# Requirements for Top Landing:  Outside Patio Door Exiting to Yard



## steve.mccooper (Aug 15, 2021)

Scenario: 12' x 24' one-level cement patio, one half of which is covered and has screened walls, the other half is open to the weather. There are two 36"wide access doors for the screened-in area, each on a different wall. Neither door has a threshold. The is no direct access from the dwelling into the screened-in area; one must leave the dwelling onto the open area of the patio, then enter the screened-in area through one of the two doors. Door #1 opens outward onto the 12' x 12' open area of the patio. Door #2 opens outward to the yard, the yard being about 21" lower than the patio surface. The existing 48" wide steps (side-to-side) that connect Door #2 to the yard have three 7" risers and two 12" direction-of-travel treads. The top tread is one step down from the patio level. In this arrangement, Door #2 opens out over the steps. The configuration has been in place probably since the 1960's. Door #2 is rarely used, perhaps 1x per week at best. I recently ran across a mention of landing requirements at the top of stairs. Looking into it deeper online, there's much content that says a door opening to stairs with greater than qty 2 risers must have at least a 36" landing in the direction of travel with a width that's at least as wide as the door. Much of the content is associated with Means of Egress from e.g. bedrooms, basements, apartments, occupied buildings, day care centers, public stairways. There appears to be a few exceptions for screen or storm doors, but nothing I could say was directly applicable. I recognize the benefits of the larger landing, however I would prefer not to face the expense of replacing the existing concrete & bluestone steps which are in great shape and quite robust. Is it OK per code for the door to open over the existing steps given the scenario described above?


----------



## cda (Aug 15, 2021)

Welcome,,,

Might be ok, till someone gets hurt?

So why is the question coming up know???

How long have you owned the house?


----------



## steve.mccooper (Aug 15, 2021)

cda said:


> Welcome,,,
> 
> Might be ok, till someone gets hurt?
> 
> ...


Hello cda,

Thanks for the response.  I happen to have run across a mention of this requirement just in general reading.  I have a curiosity for new building techniques, materials and associated updated codes/recommendations to reflect engineering advances.  It made me think of situations where this may apply.  I've been using the steps as-is for over 25 years and never thought much about it.  They're well lit.  The ground is level and stable; plenty of room to allow the door to swing open.  No unique or hidden features/hazards.  The door opens and closes smoothly.    Exceptional visibility entering and exiting.  I'm all for safety and have made upgrades throughout the years that exceeded code requirements.  Perhaps some day I'll construct a wide landing for the stairs that I described in my OP, but as a start, I'm interested in what the code dictates.


----------



## cda (Aug 15, 2021)

steve.mccooper said:


> Hello cda,
> 
> Thanks for the response.  I happen to have run across a mention of this requirement just in general reading.  I have a curiosity for new building techniques, materials and associated updated codes/recommendations to reflect engineering advances.  It made me think of situations where this may apply.  I've been using the steps as-is for over 25 years and never thought much about it.  They're well lit.  The ground is level and stable; plenty of room to allow the door to swing open.  No unique or hidden features/hazards.  The door opens and closes smoothly.    Exceptional visibility entering and exiting.  I'm all for safety and have made upgrades throughout the years that exceeded code requirements.  Perhaps some day I'll construct a wide landing for the stairs that I described in my OP, but as a start, I'm interested in what the code dictates.



Sounds good

Give it a few days for replies


----------



## steveray (Aug 16, 2021)

A landing is required by current code if you were to "rebuild".....CT did not have a Statewide code until 1971....Your Town may have had a code before that, so that would be where to start, but not likely a violation and allowed to remain...

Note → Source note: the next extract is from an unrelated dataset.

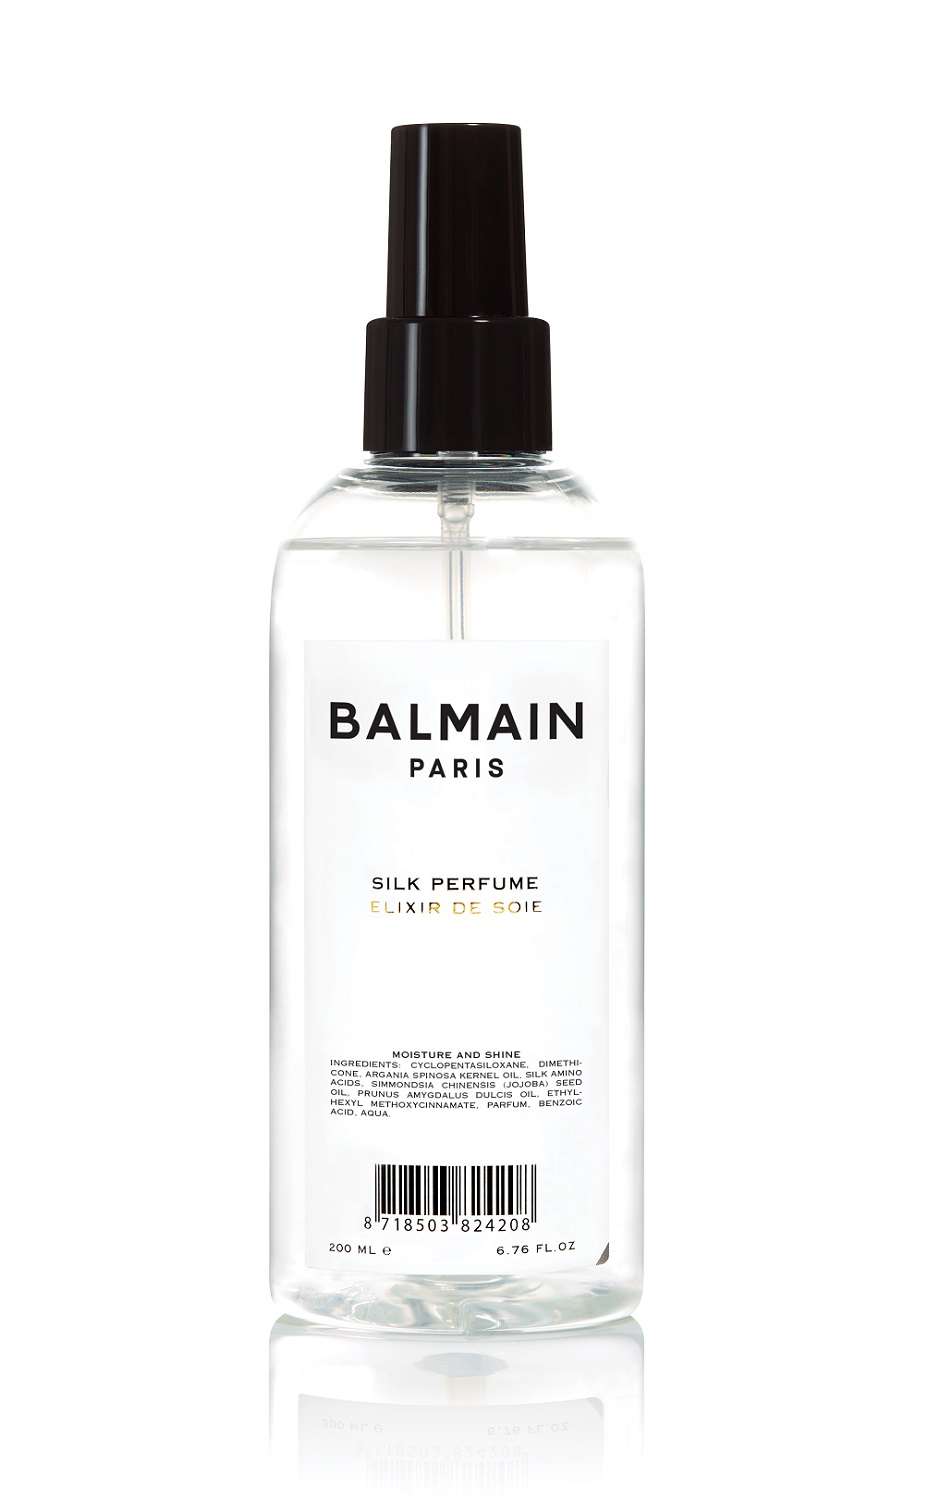 Balmain Шелковая дымка для волос Silk perfume без дозатора-помпы, 200 мл (Balmain, Стайлинг) balmain silk perfume шелковая дымка для волос 200 ml
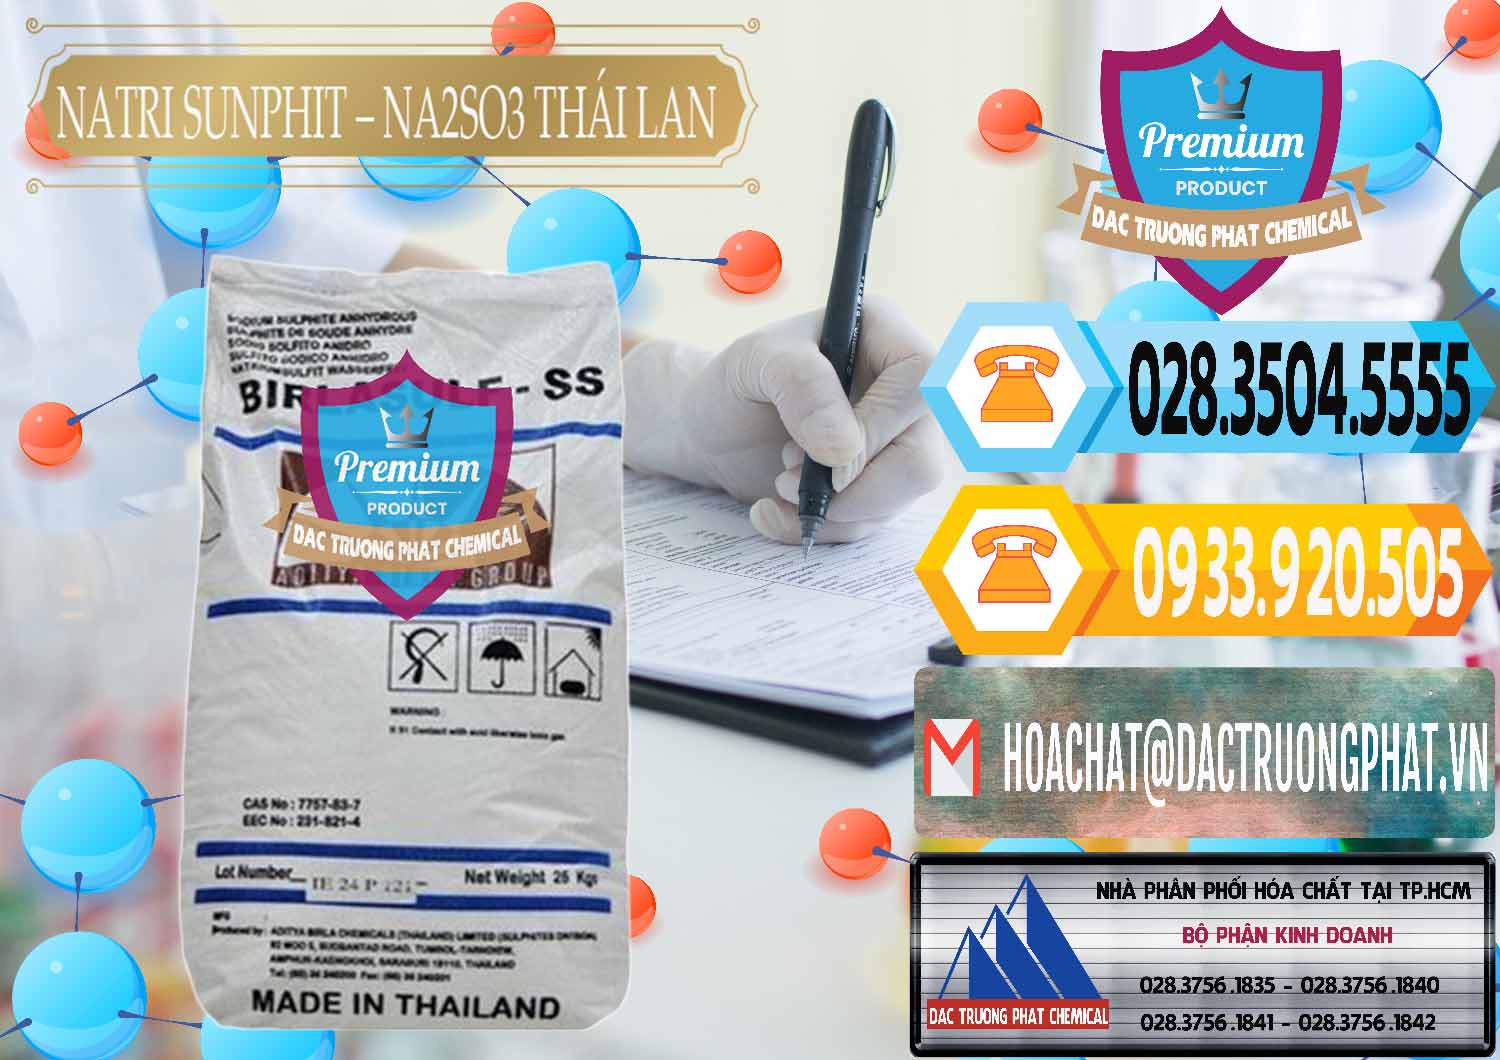 Chuyên phân phối và bán Natri Sunphit - NA2SO3 Thái Lan - 0105 - Cty chuyên nhập khẩu ( cung cấp ) hóa chất tại TP.HCM - hoachattayrua.net

(Amd) R102.7 Existing structures. The legal occupancy of any building or structure existing on
the date of adoption of this code shall be permitted to continue without change, except as
specifically covered in this code.

(Amd) R110.1 Use and occupancy. Pursuant to subsection (a) of section 29-265 of the
Connecticut General Statutes, no building or structure erected or altered in any municipality after
October 1, 1970, shall be occupied or used, in whole or in part, until a certificate of occupancy
has been issued by the building official, certifying that such building, structure or work performed
pursuant to the building permit substantially complies with the provisions of this code. Nothing in
the code shall require the removal, alteration or abandonment of, or prevent the continuance of
the use and occupancy of, any single-family dwelling but within six years of the date of occupancy
of such dwelling after substantial completion of construction of, alteration to or addition to such
dwelling, or of a building lawfully existing on October 1, 1945, except as may be necessary for
the safety of life or property. The use of a building or premises shall not be deemed to have
changed because of a temporary vacancy or change of ownership or tenancy.
Exceptions:
1. Work for which a certificate of approval is issued in accordance with Section R110.9.
2. A certificate of occupancy is not required for work exempt from permit requirements under
Section R105.2.


----------



## Paul Sweet (Aug 16, 2021)

​IRC R311.3.3 allows storm & screen doors to swing out over exterior stairs.


----------



## steve.mccooper (Aug 30, 2021)

To Paul Sweet and steveray:  Thanks for taking time to review my question and provide responses.  I checked with the town (motivated by steveray) and they confirmed that IRC R311.3.3 (provided by Paul Sweet) applies in my situation.  Having specific code information was quite helpful to zero in on a conclusion for my scenario.  Best Regards, steve.mccooper


----------



## ADAguy (Aug 30, 2021)

Comes down to risk management and how large a party you hold.
Ask your property insurance carrier.


----------